Pull requests from external contributors come from branches in their forks. You can check out those external branches in order to review and test the commits in those pull requests, and to be able to push changes to them on your own (e.g., fixes for typos)—rather than needing to write review comments asking the PR contributor to make the edits.

To checkout a PR branch, note the user it's coming from and the branch they used in their fork. For example, for user `estark37` with branch `example-fix`, you would do

```bash
git remote add estark37 https://github.com/estark37/html.git
git fetch estark37
git checkout -b estark37-example-fix estark37/example-fix
```

You can then push to the `estark37-example-fix` branch and it will update the `example-fix` branch in `estark37`'s fork, and thus will update the pull request.

#### Git config tweak

It's recommended that you also make the following change to your `git` configuration:

```bash
git config push.default upstream
```

If you make that change, then whenever you're in a local PR branch and want to push changes back to the corresponding external branches, you can just run `git push` with no arguments (rather than also needing to specify the remote name and branch name as arguments). Otherwise, you need to also specify the remote name and branch name each time you push.
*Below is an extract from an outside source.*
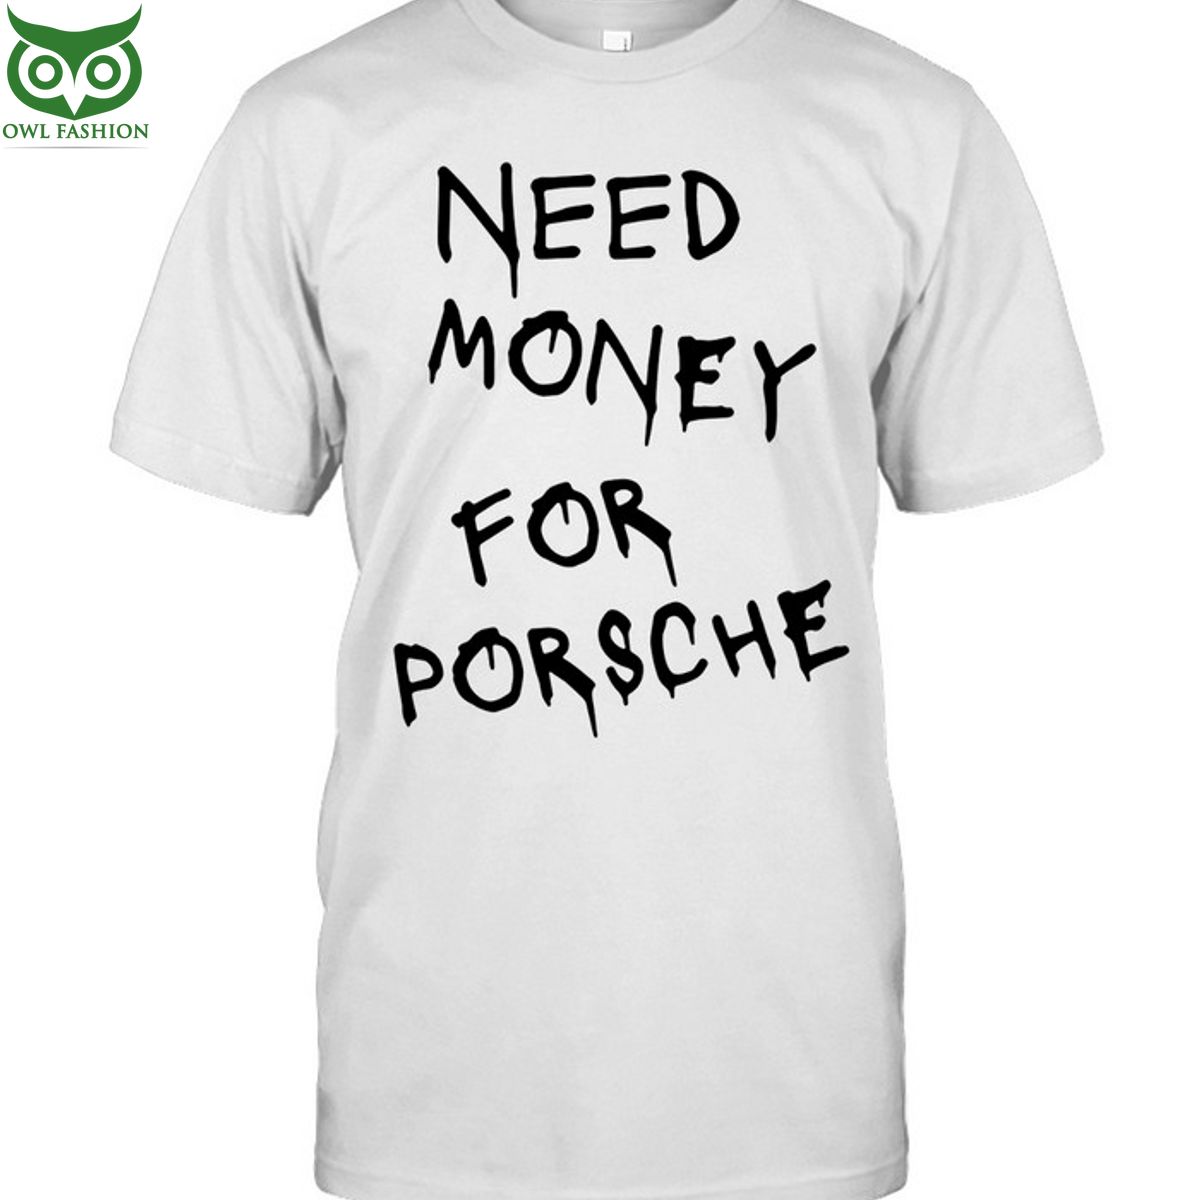 Hot Need money for porsche shirt

If you want to enable that same ability for all your project clones, also specify the `--global` option: `git config --global push.default upstream`.

#### Helper script

You can add the following helper script to your `.bash_profile` or similar to make the process above slightly simpler:

```bash
checkout-pr() {
local REPO=`basename $(git config remote.origin.url | cut -d: -f2-)`
local REMOTE_URL=https://github.com/$1/$REPO
if [ "`git config remote.origin.url | cut -d: -f1`" == "[email protected]" ]; then
REMOTE_URL="[email protected]:$1/$REPO"
fi
git remote add $1 $REMOTE_URL 2> /dev/null
git fetch $1
git checkout -b $1-$2 $1/$2
}
```

You can then use it as

```bash
checkout-pr estark37 example-fix
```

### Merging pull requests into master

Just use the normal green button in the pull-request page in the GitHub Web UI, but first ensure the commit message follows [the guidelines](https://github.com/erlang/otp/wiki/Writing-good-commit-messages).

#### Merging to master from the command line

Regardless of whether a pull request comes from a contributor (in which case the branch is from a different remote repository and you've already used the **Checking out pull requests from forks** steps above to fetch the branch) or from other editors or members of the WHATWG GitHub organization (in which case the branch is within this repository), the steps for cleanly merging it to master are the same:

```bash
git checkout BRANCH_NAME
git rebase master
... build and review the spec ...
git push --force
git checkout master
git merge BRANCH_NAME --ff-only
```

This checks out the PR's commits, rebases them on `master`, then fast-forwards `master` to include them.

The `git push --force` line here ensures that the original branch gets updated to sit on top of `master` as well. This ensures GitHub can automatically figure out that the commits were merged, and thus automatically close the pull request with a nice purple "merged" status. So at this point you can do a `git push origin master` to push the changes, and GitHub will close the PR and mark it as merged.